An attractive alternative is to use an inhibitor that chemically reacts with a surface to form an impervious film which will protect the underlying metal from further corrosion. The so called "passivating" inhibitors (e.g., chromate) belong to this class, and are frequently effective under very extreme conditions. The present invention, though different, and a continuing and dynamic process, performs as a corrosion inhibitor of this general nature.
This invention is also applicable to the corrosion protection of drill pipe through which drilling fluids containing the above mentioned corrodents are passed. In this present invention, the currently used drilling muds continue to perform as intended without tendency to coalesce and thus be reduced or eliminated in effectiveness.
In accordance with 37 C.F.R. .sctn.1.56 and 1.97, the following references are disclosed:
Kauffman and Gay, "An Effective Passivating Oil Field Corrosion Control System", Final Technical Report, Mar. 31, 1986.

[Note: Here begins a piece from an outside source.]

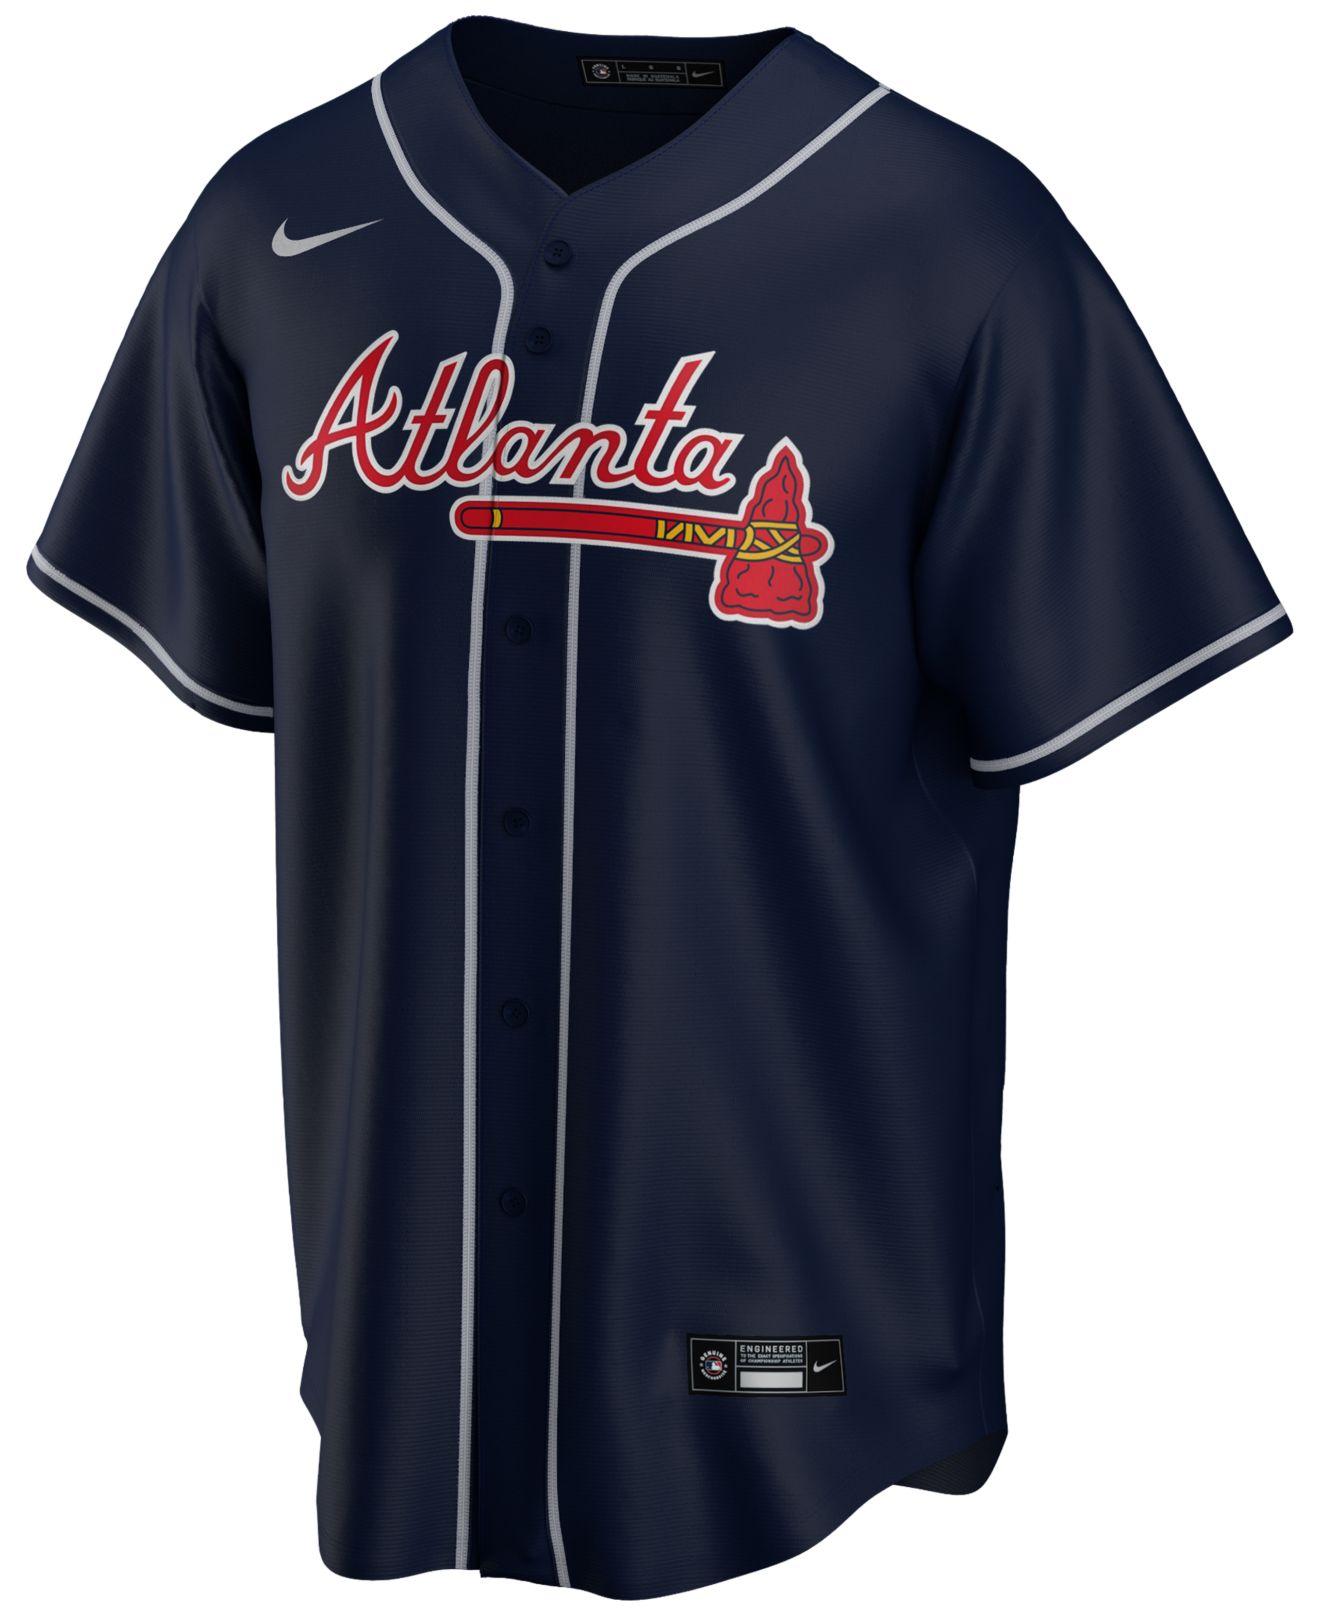 Nike Synthetic Ronald Acuna Atlanta Braves Official Player Replica

The original work made for this invention was reviewed by a confidential review of the U.S. Department of Energy under Contract No. 03RI 008601, later examined through proprietary and confidential testing and validation performed by the Bureau of Engineering Research of the University of New Mexico College of Engineering under Contract DFGOI85CE15200. To Applicant's knowledge, the only report or document prepared as a result of this work which may be a publication is the above-cited reference. This Report is available upon request from the U.S. Department of Energy Technical Information Center.
This reference generally discusses the type of research performed and future research proposed by the inventor of the present invention in order to demonstrate the process claimed in the application. The information provided in the Final Technical Report is general in nature and does not disclose the invention of the present application. Ternisien, J. A., et al., "Corrosion of Semi-Stainless Steel by Natural Gas from the Lacq Field", 249 Comptus Rendus (French) 1655-1657 (1959).
This reference reports corrosion products consisting of an outer friable layer and an inner compact layer the latter composed of pyrite pyrrholite, and offering protection from the gas.
U.S. Pat. No. 3,989,459, Nose, Y., et al., "Method of Preventing Corrosion of Steelworks", Nov. 2, 1976.
A method for preventing corrosion of steelworks by a flowing corrosive solution having a pH of 6.7 to 7.1, and comprising water, ammonia, and hydrogen sulfide. Particularly, a method to prevent corrosion of steel material by adding 5 ppm to 0.3 wt % as the amount of available sulfur of sulfur, ammonium polysulfide and/or alkali polysulfides to the fluid as available.
None of the above-discussed references are sufficiently material, alone or in combination to render unpatentable the claims of the present application.